The New School News

Keeping House: Digitizing A Poet’s Life and Work

Ashlab students explore John Ashbery’s home in Hudson, New York. Photo by Brooke Ellsworth.

John Ashbery is arguably America’s greatest and most influential living poet. During his 65-year career, Ashbery has received a Pulitzer Prize and a National Book Award and produced a body of work that includes 26 books of poetry, translations of work by Martory and Rimbaud, collections of prose and criticism, reams of speeches, hours of lectures and panel discussions—and a house.

That last work, a Victorian house in Hudson, New York, is the subject of an ongoing New School project that has spanned disciplines, semesters, and media. Entitled Ashlab, the project involves the creation of an interactive digital record of the home Ashbery and his partner, David Kermani, have been carefully restoring and furnishing since the 1970s. When completed, Ashlab will enable users to take a 360-degree online tour of the house. Mousing over the images of hundreds of paintings, books, rugs, and objets d’art reveals facts that explain the significance of the objects in Ashbery’s life and work.

“A house can be an artwork. A house can be something that one builds over time, a piece of one’s life, perspective, and work,” said Adam Fitzgerald, a poetry instructor at The New School and one of four faculty collaborators on Ashlab. “In John’s poetry, images shift in shape over time, line by line. The movement is reflected and recorded in the way he has assembled his home.”

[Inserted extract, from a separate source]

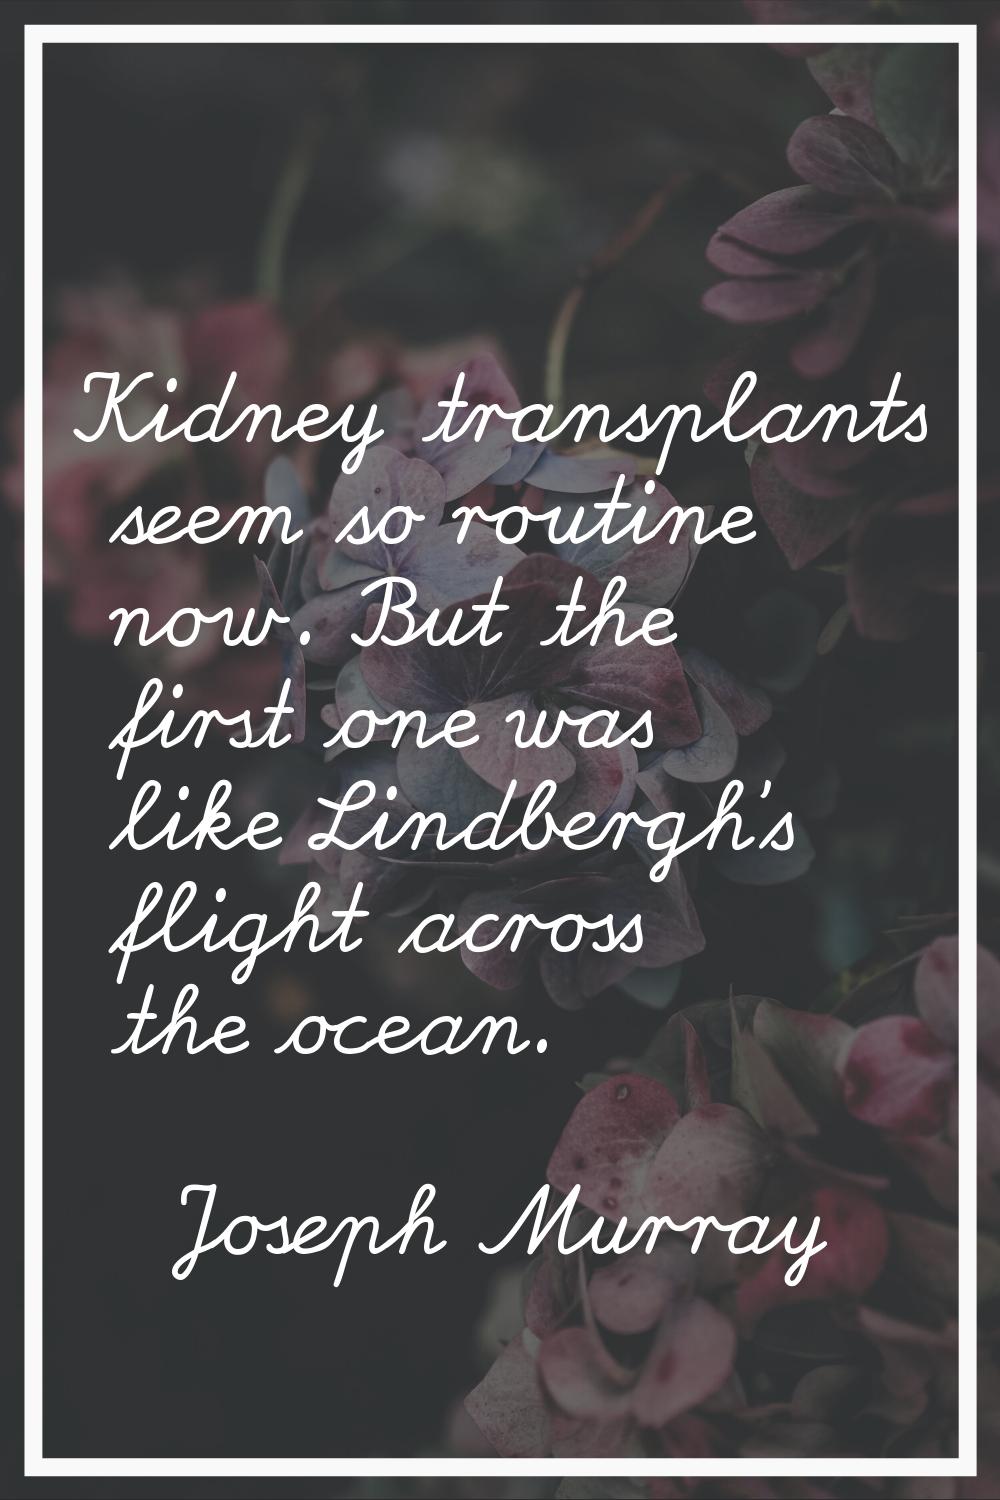 Kidney transplants seem so routine now. But the first one was like Lindbergh's flight across the oc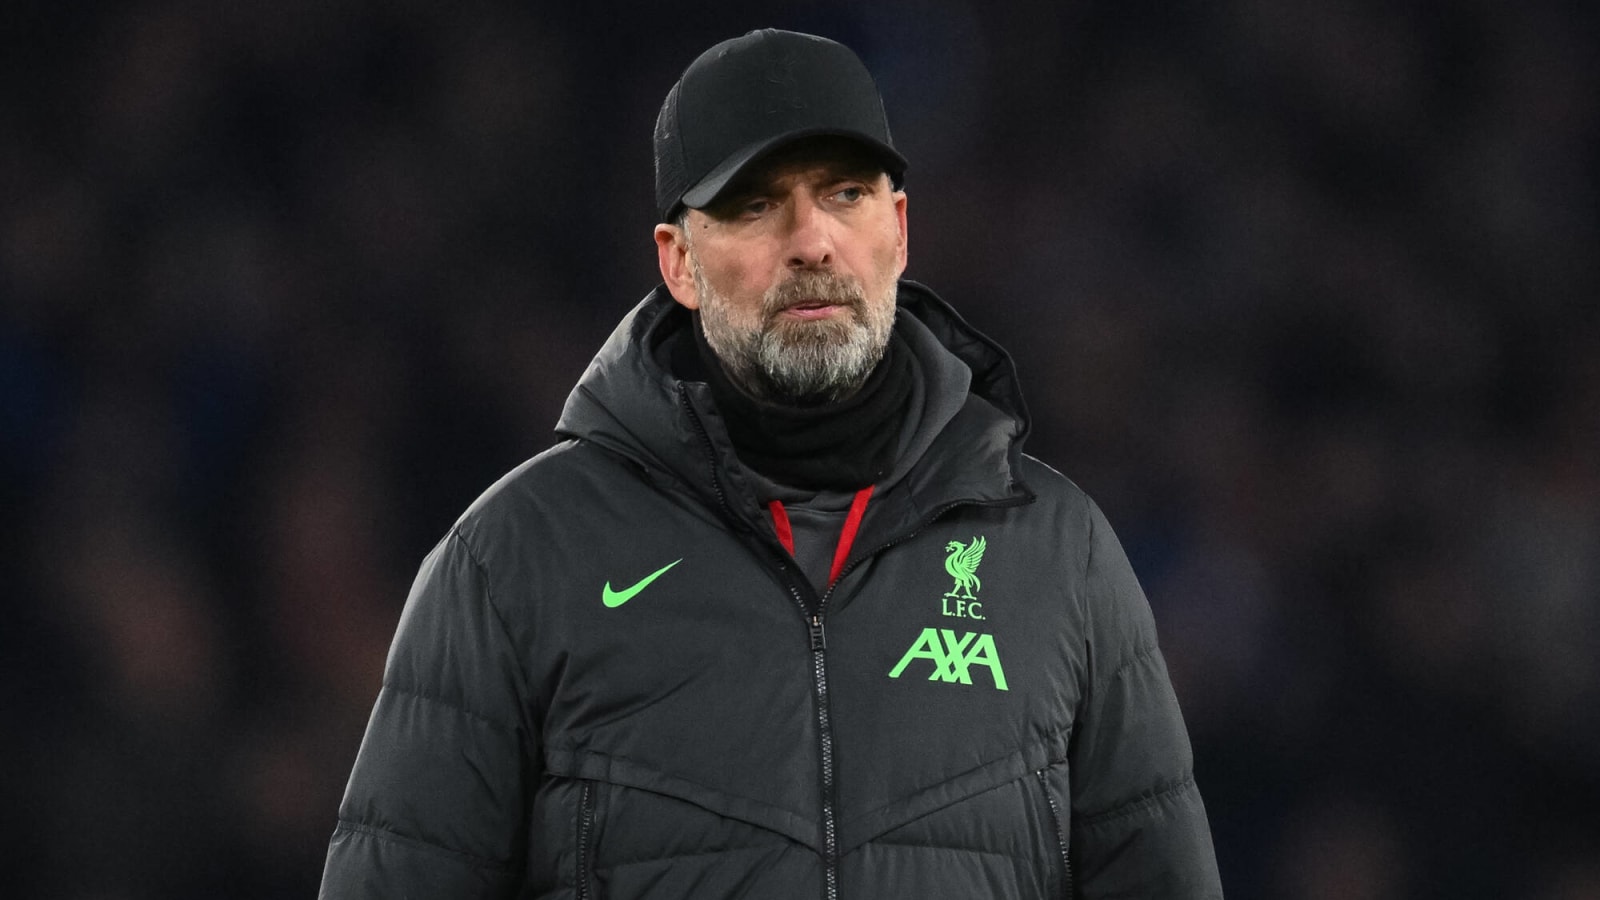 ‘Gutted’ Jurgen Klopp issues heartfelt apology to fans after Liverpool’s poor 2-0 loss to Everton at business end of the tournament

Ashlab, which was launched in spring 2012, brings together students and faculty from divisions across the university. Along with Fitzgerald, the leaders of the project include Robert Polito, director of The New School’s Creative Writing program; Tom Healy, a poetry instructor at The New School; and Irwin Chen, a faculty member at Parsons’ School of Art, Media, and Technology. Students in the annual fall semester course start with a close reading of Ashbery’s verse. They are then dispatched to the house in Hudson, where each student selects five items in the poet’s home to research. During this period of fieldwork, Ashbery is often available to answer students’ questions about the contents of his house.

“The fact that we can go to the house, research the objects, and actually talk to John about them means that we can get first-hand documentation that won’t be available 20 years from now,” says Healy.

The project draws on a number of disparate disciplines. Officially Ashlab is a literature course, but it incorporates digital design, creative writing, and historical research. “We talk so much about digital humanities, and this project demonstrates the real promise of that idea,” said Brooke Ellsworth, an MFA poetry student and Ashlab teaching assistant who has worked on the project since it began. “Ashlab utilizes technology to serve and enliven an art form that is often perceived of as marginalized by digital communications.”

Irwin Chen, who leads the digital design portion of the project, also sees technology as a bridge to understanding the literature. “Ultimately, this project offers an entry point into Ashbery’s work,” he said. “He can be dense and intimidating. But once you start digging around the site, looking at the things that give his work meaning, it becomes more accessible.”

“Since I conceptualized Ashlab in the fall of 2011, after conversations with David Kermani, the project has exceeded even the highest expectations I had for it, both in the sense of bringing together students and faculty across The New School and as a model project in the emerging field of digital humanities,” said Robert Polito. “I’ve learned so much from the students and my teaching colleagues—and of course John himself, who is one of the great wonders of our time.”